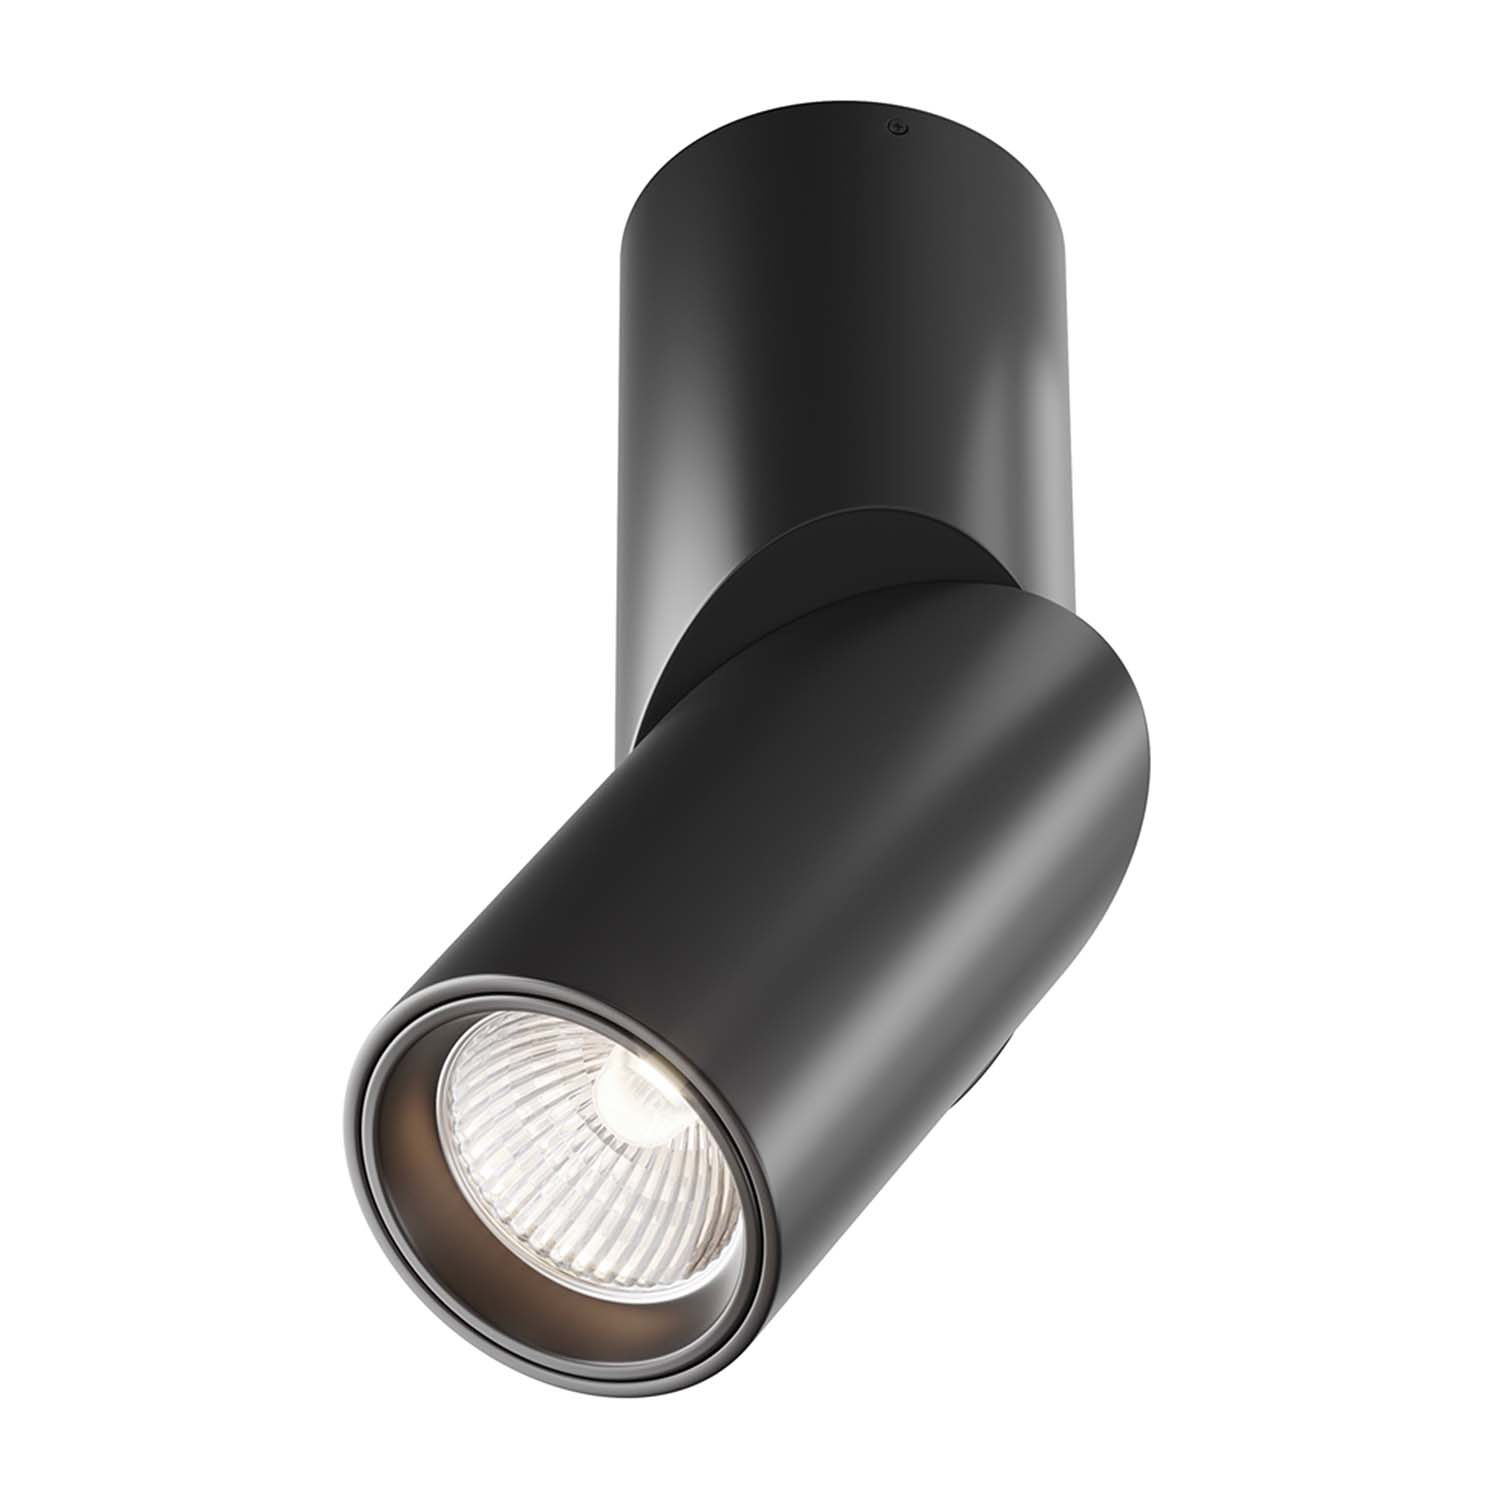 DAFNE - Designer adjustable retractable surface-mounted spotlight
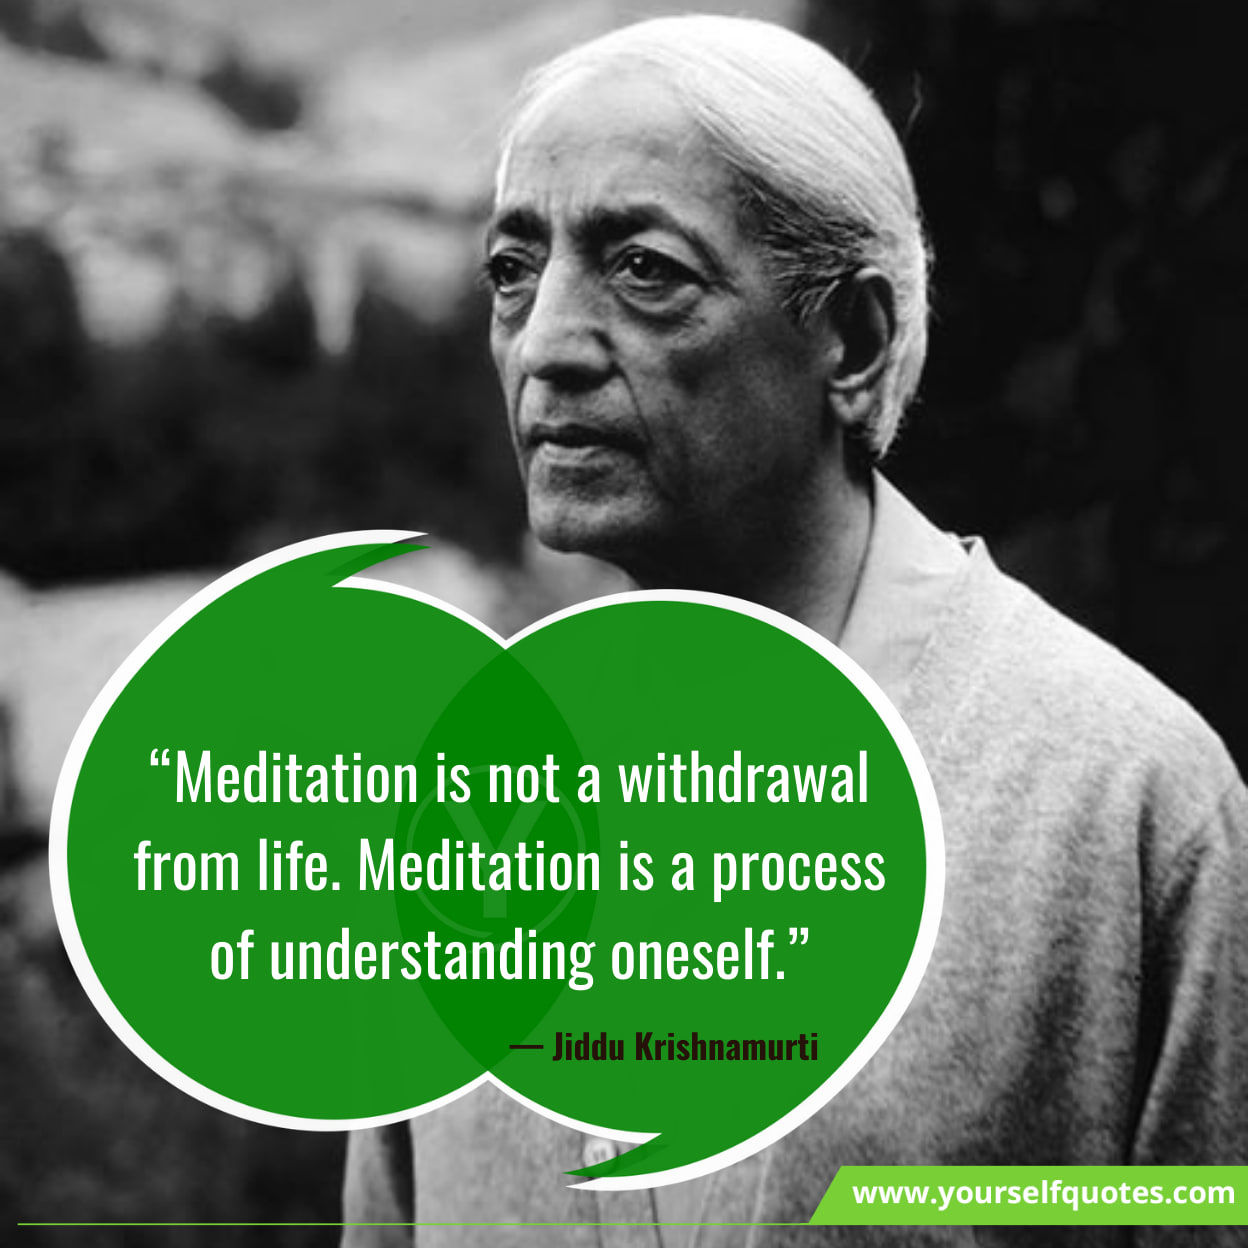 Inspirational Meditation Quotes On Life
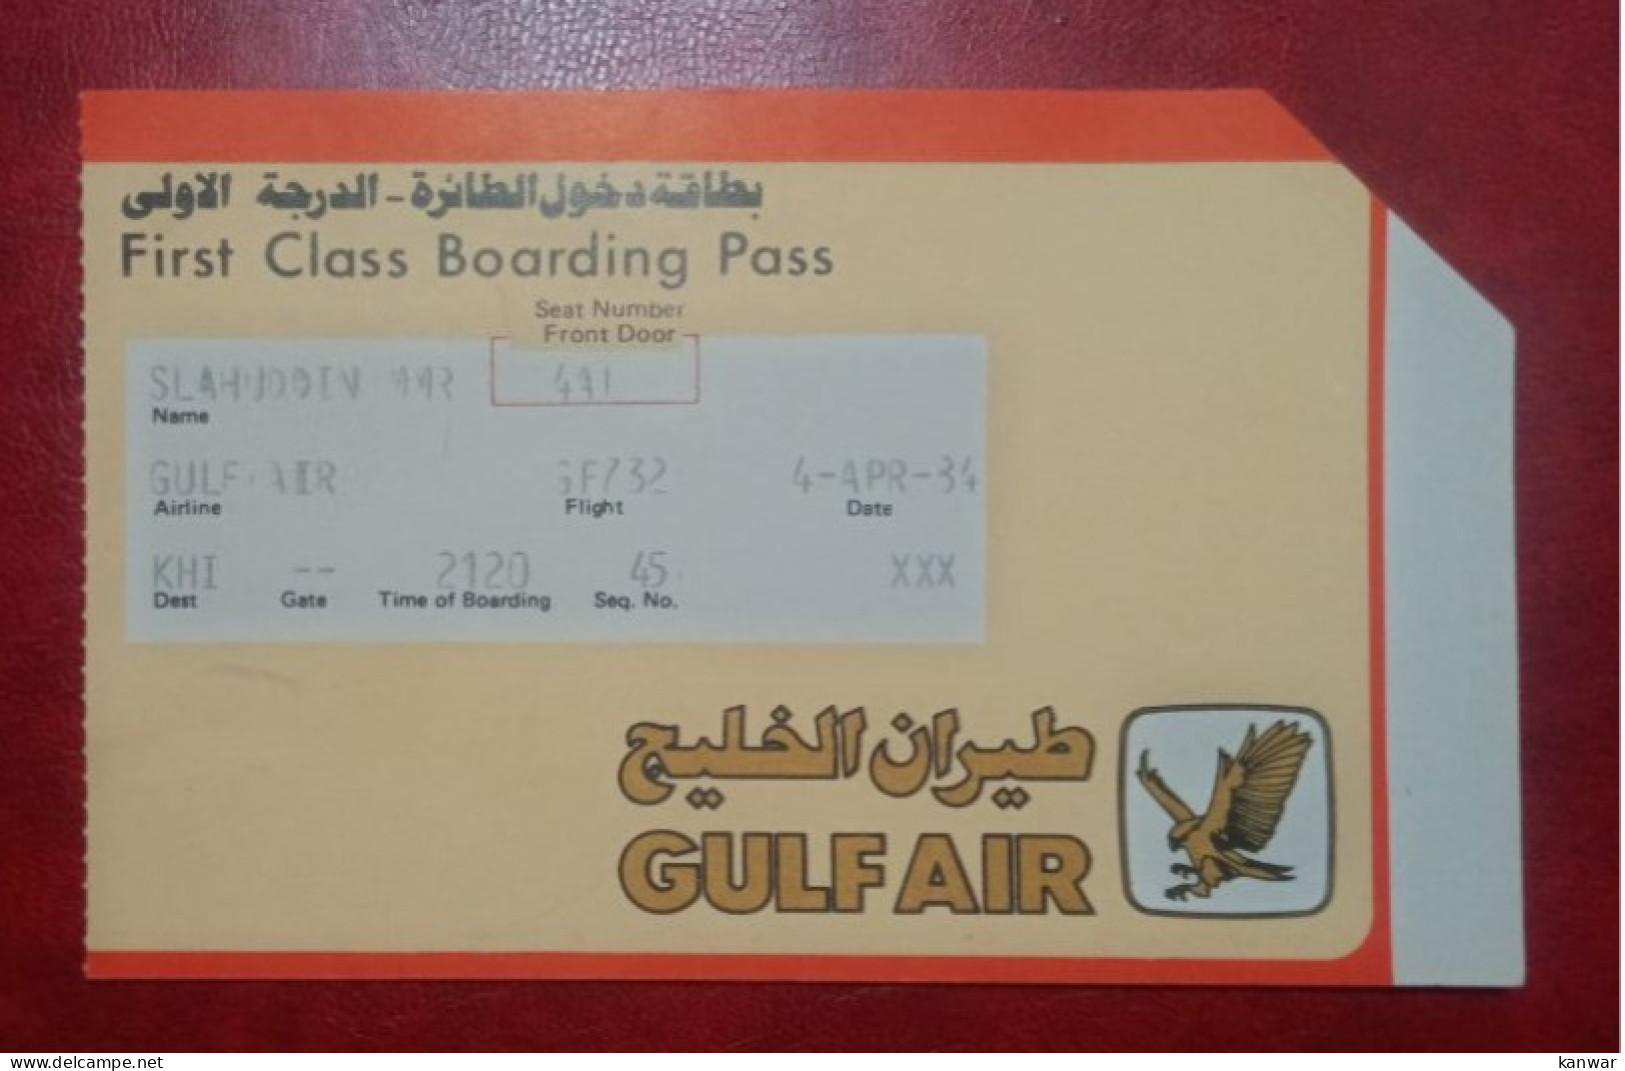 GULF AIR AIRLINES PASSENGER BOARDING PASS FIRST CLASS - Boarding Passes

● Instructions to follow: Line by line, return the listing above exactly, dropping every picture.

● Solution for this exercise:
 DAFNE - Designer adjustable retractable surface-mounted spotlight
 Inspirational Meditation Quotes On Life
 GULF AIR AIRLINES PASSENGER BOARDING PASS FIRST CLASS - Boarding Passes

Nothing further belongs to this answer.